Materials provided:
○ ○ ○ ○ ○ ○ ○
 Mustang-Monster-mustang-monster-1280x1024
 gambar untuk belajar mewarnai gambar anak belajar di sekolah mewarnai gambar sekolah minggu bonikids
○ ○ ○ ○ ○ ○ ○
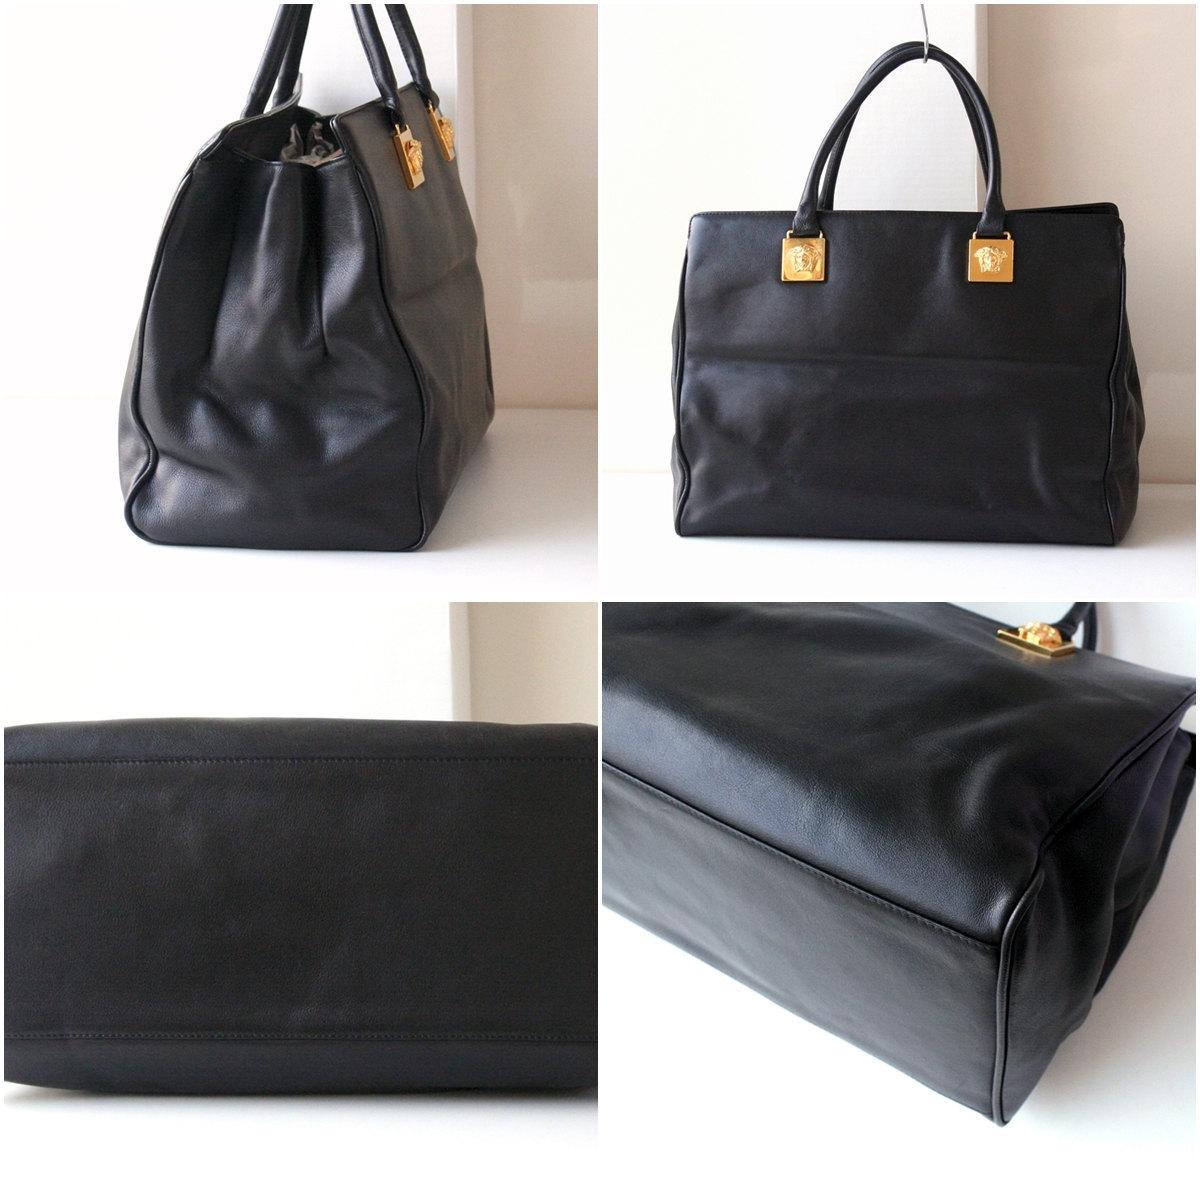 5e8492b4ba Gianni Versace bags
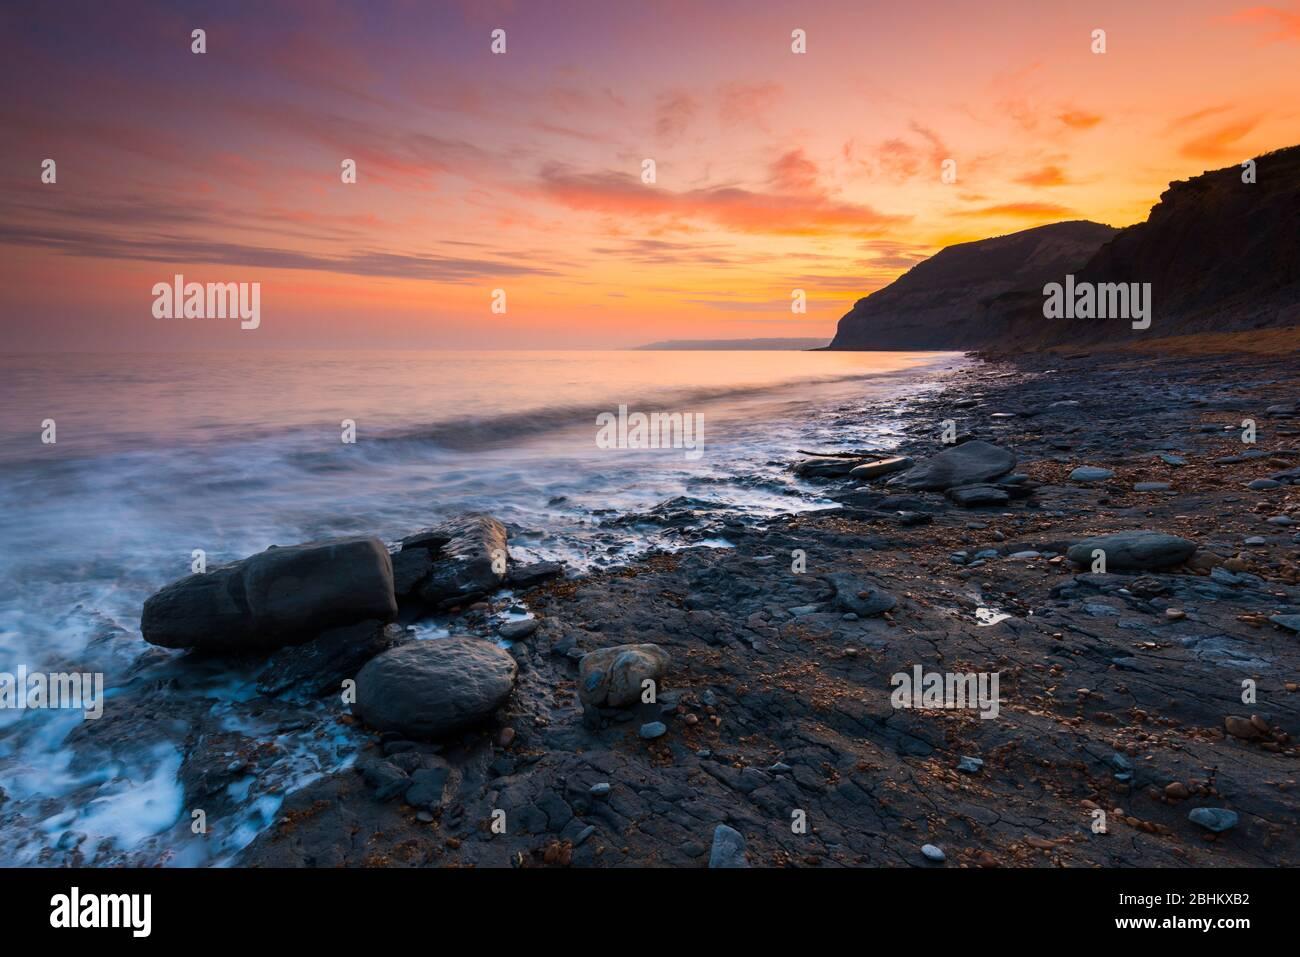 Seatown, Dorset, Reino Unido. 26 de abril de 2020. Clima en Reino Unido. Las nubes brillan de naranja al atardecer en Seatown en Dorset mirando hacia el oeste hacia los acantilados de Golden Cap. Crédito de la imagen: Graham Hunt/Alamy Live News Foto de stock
○ ○ ○ ○ ○ ○ ○
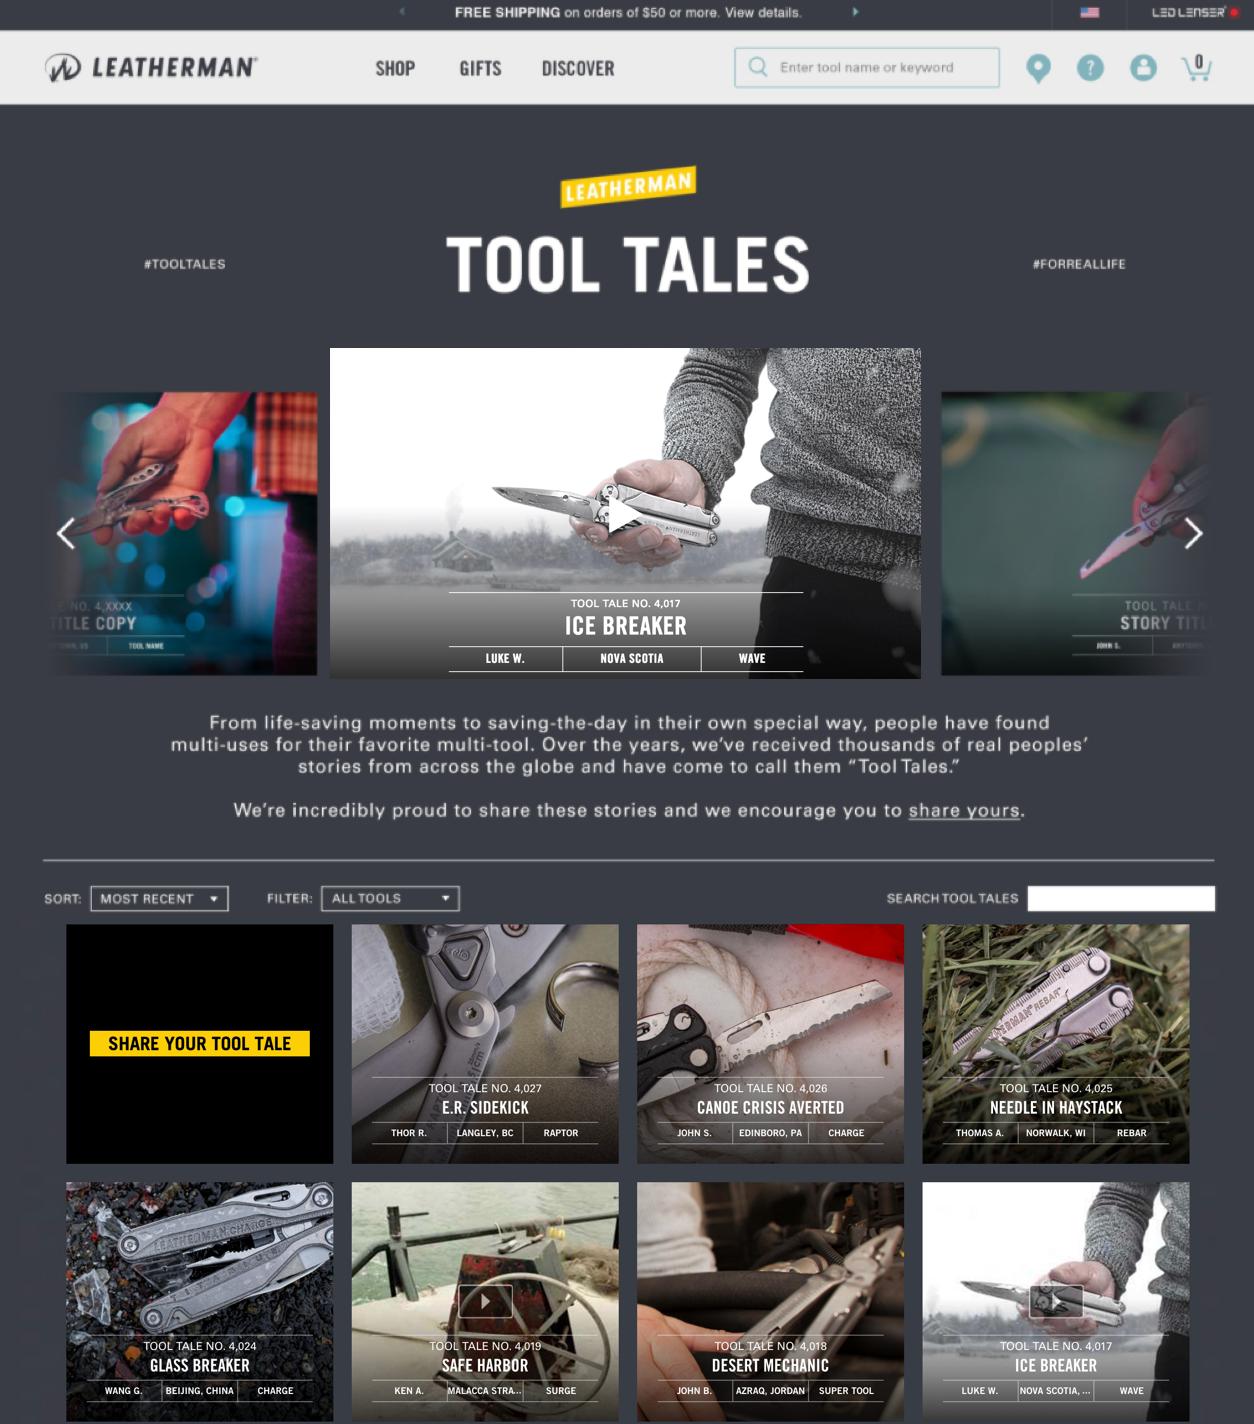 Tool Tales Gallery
○ ○ ○ ○ ○ ○ ○
What you need to do:
Every line above from the line with "Mustang-Monster-mustang-monster-1280x1024" to the line with "gambar untuk belajar", both included, must be reproduced exactly, and no other line may appear.

Exercise result:
 Mustang-Monster-mustang-monster-1280x1024
 gambar untuk belajar mewarnai gambar anak belajar di sekolah mewarnai gambar sekolah minggu bonikids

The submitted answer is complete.